Considering that nowadays there are many employers facing notices of violation issued by the Federal Revenue Service with charges of social contributions on these costs, plus interest and fines, these changes will be extremely favourable, not only because they will allow that the employers claim for the cancellation of such levies, but mainly to motivate employers to offer more health and dental care benefits to their workers in a scenario where the Brazilian public health system unfortunately is far from being protective and effective.
One related matter, however, may continue triggering employer’s concerns.

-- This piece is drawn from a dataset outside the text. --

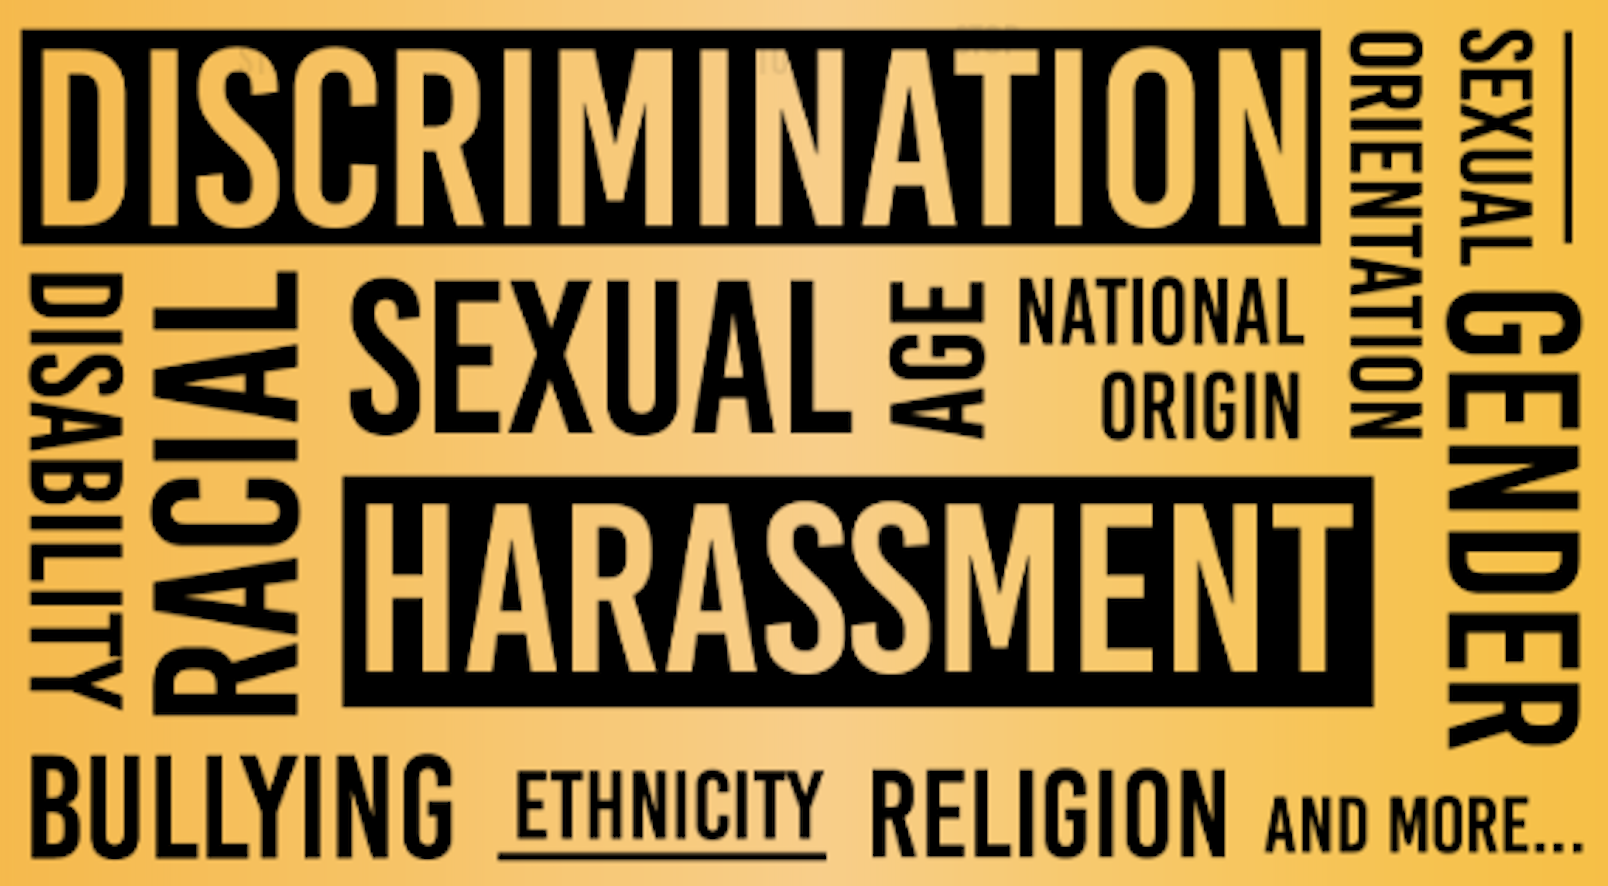 Discrimination-Ethnicity-Disability-Sexual-harrassment-new-banner

Their costs with benefits for employees’ dependents are neither addressed by Law 8,212/1991, nor by the labour reform. Thus, although in our opinion the law is clear enough to exempt the employers’ costs with health and dental insurance from social contributions, some companies have already faced notices of violations and relevant levies due to the peculiar tax authorities’ interpretation that only costs with employees would be comprised by the exemptive law.
Another important modification brought by the labour reform concerning social security system is related to the following payments that will not be considered as part of the salaries for labour or social security purposes, even when they are customary, and regardless of their amounts:
a) expense allowances (usually applicable in case of relocations);
b) food allowances, such as meal vouchers (except for payments in cash);
c) work travel allowances (currently the payment is limited to 50% of the em ployee’s salary, otherwise the whole amount is considered salary and basis for social contributions);
d) performance award and bonuses.
Finally, the labour reform also changed paragraph 2 of Article 58 of the CLT, which currently establishes that the time spent by the employee in commuting is not considered work time, unless the employees use transportation provided by the employer because they live in places difficult to reach and without public transportation. With the new Law 13.467/2017, besides stating that the time for commuting will not be considered work time, the new CLT will also reinforce that the employees will not be at the employer’s disposal while they are going back and forth from home to work.
In our opinion, however, this will be also an important change in respect to social security benefits, because nowadays commuting accidents in Brazil are considered as work accidents in accordance with Law 8,212/1991, regardless of the fact that the employees are not working or at the employers’ disposal.
Thus, once a commuting accident occurs nowadays and the employee receives any social security benefits due to such work-related accident, the employer is prevented from dismissing the employee without cause for 12 months as of the date when the worker returns to work. Besides, the employer must continue paying the employee’s unemployment severance fund (which corresponds to 8% of the employee’s monthly salary) during a sick leave triggered by a commuting accident. Finally, the law forces the employer to issue a formal work accident communication to the National Institute of Social Security within one day as of a commuting accident and the employer’s failure to do so triggers fines imposed by the authorities.
Thus, in our opinion, art. 21, IV, “d” of Law 8,213/1991, which is the social security law currently considering commuting accidents as work-related accidents, will be incompatible with the new paragraph 2 of article 58 of the CLT. This situation may be interpreted as a revocation of the first wording by the second, and thus be used by employers to try to obtain judicial decisions against that social security law.